Please, without any pictures, transcribe the lines from the one holding "Charles Krypell 18" to the end of the listing, both ends included.

> [INFORMATION PROVIDED]
=== Begin Enclosure ===

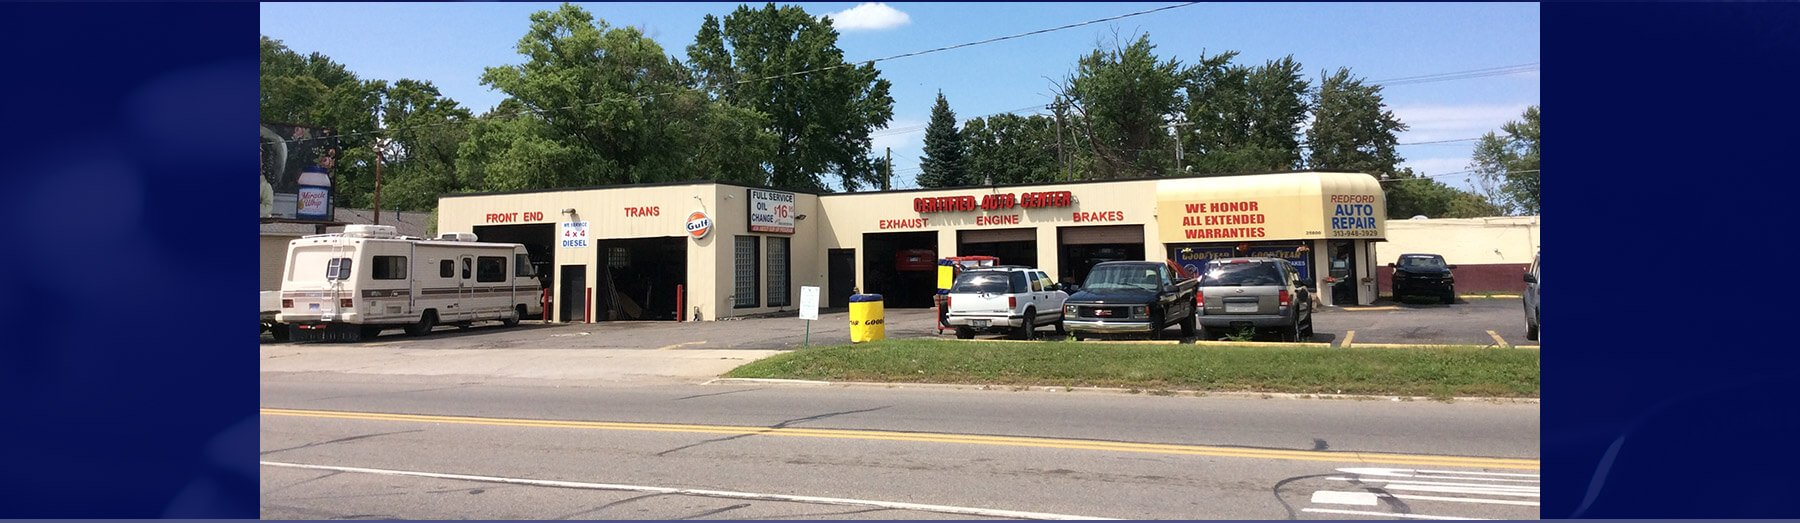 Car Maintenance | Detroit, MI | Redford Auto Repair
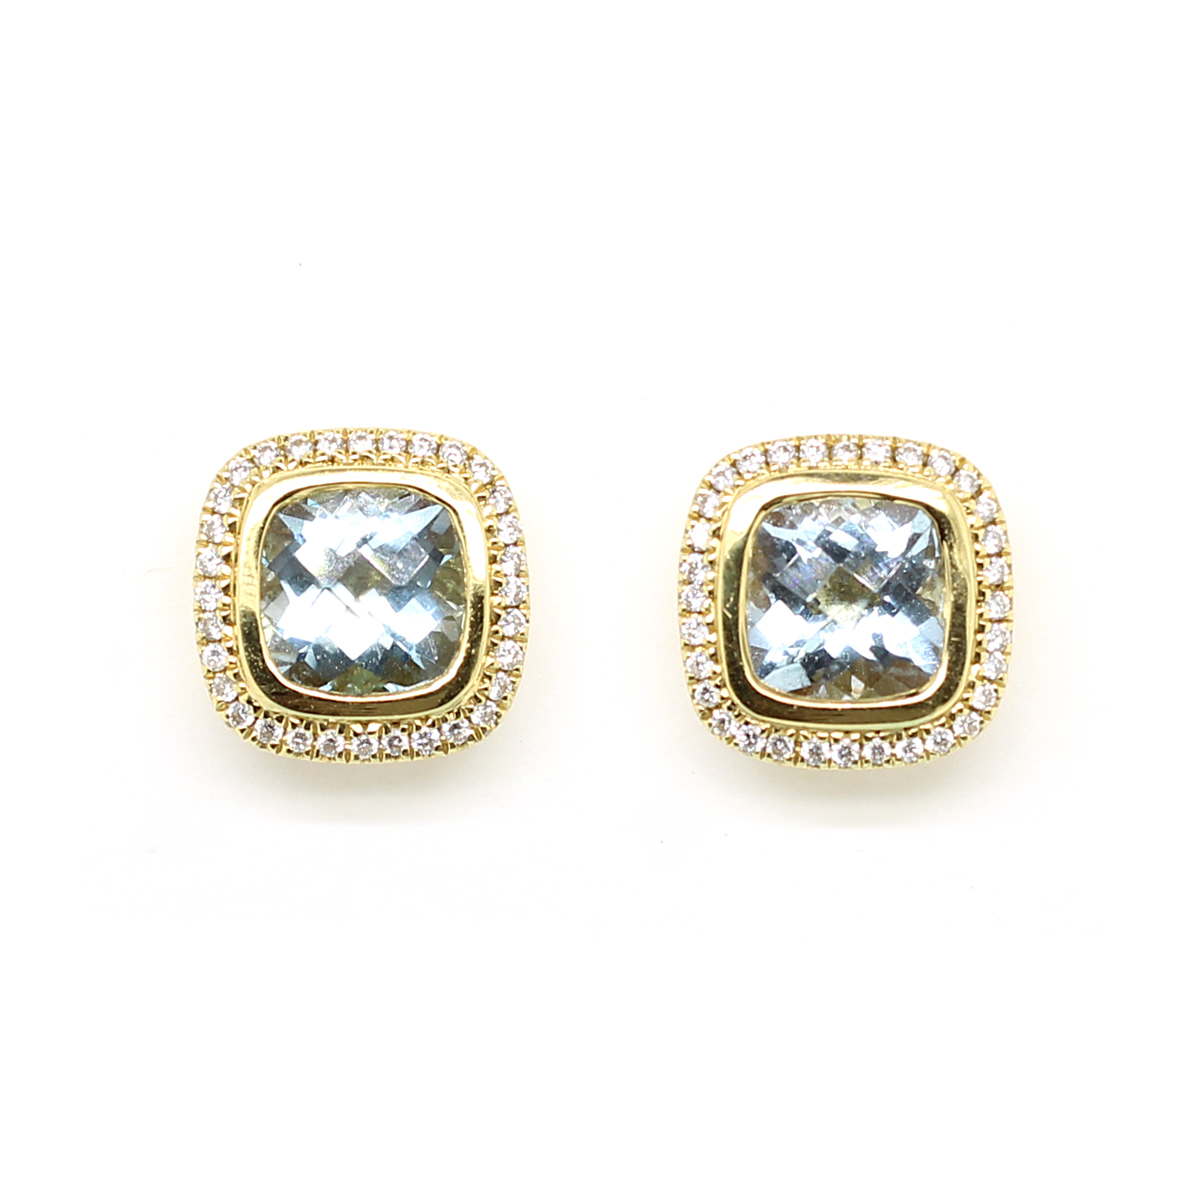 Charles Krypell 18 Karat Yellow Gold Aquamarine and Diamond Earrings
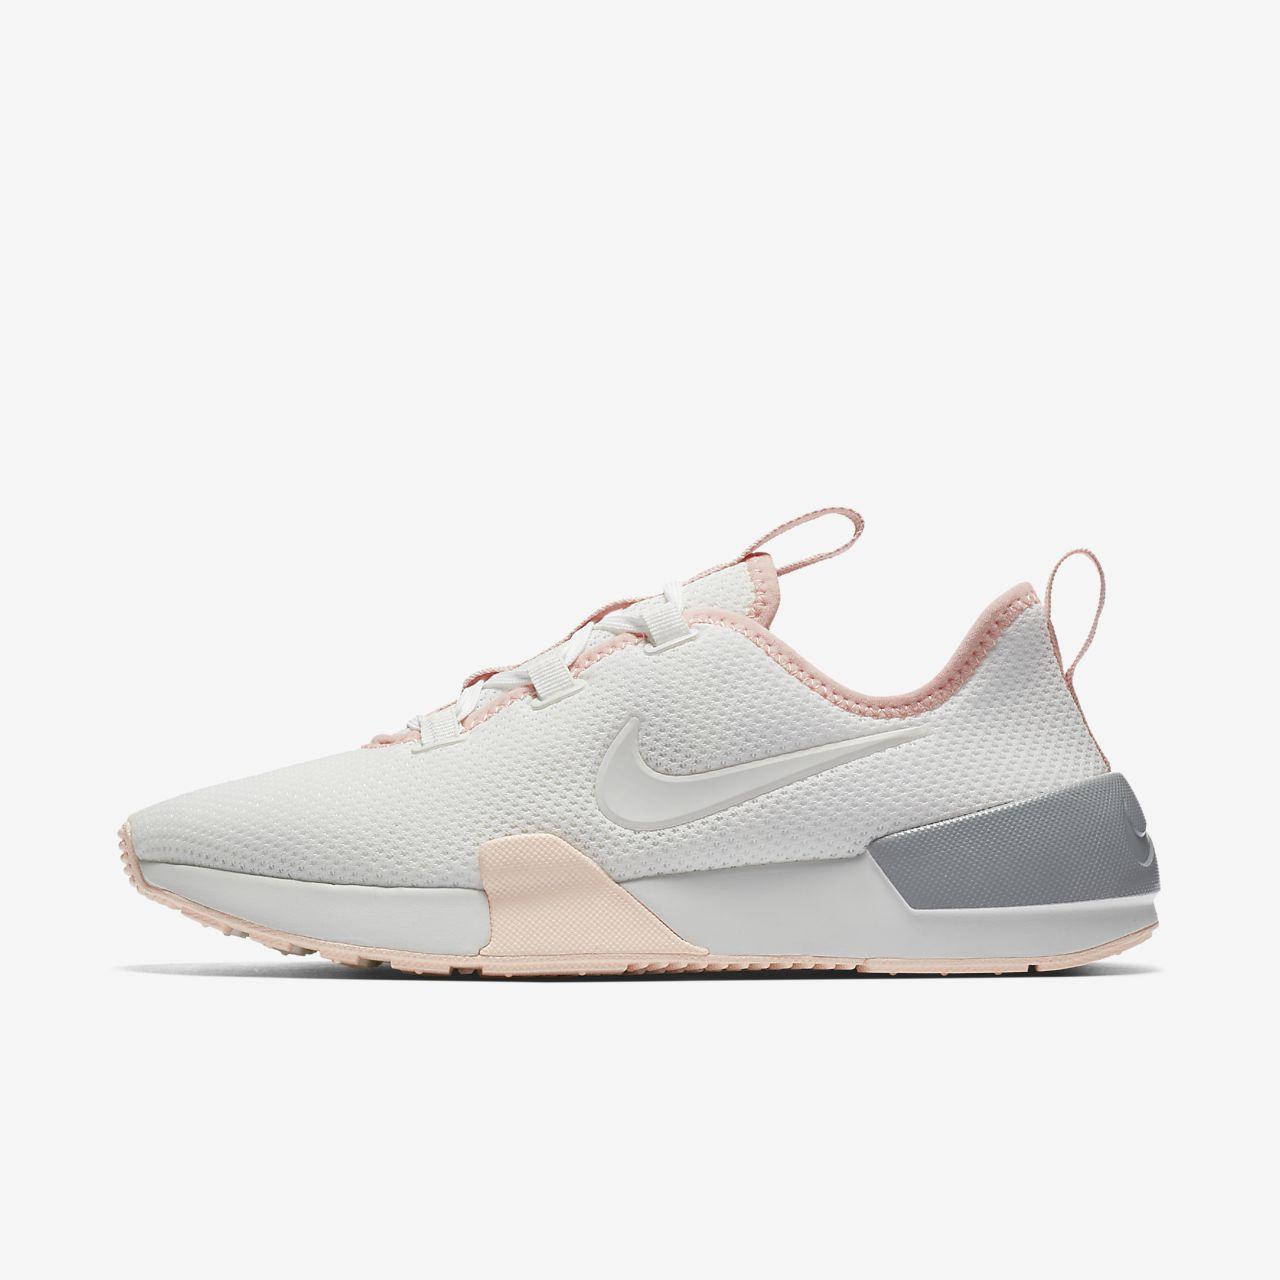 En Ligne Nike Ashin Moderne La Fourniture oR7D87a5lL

=== End Enclosure ===

> [RESULT OF THE EXERCISE]
 Charles Krypell 18 Karat Yellow Gold Aquamarine and Diamond Earrings
 En Ligne Nike Ashin Moderne La Fourniture oR7D87a5lL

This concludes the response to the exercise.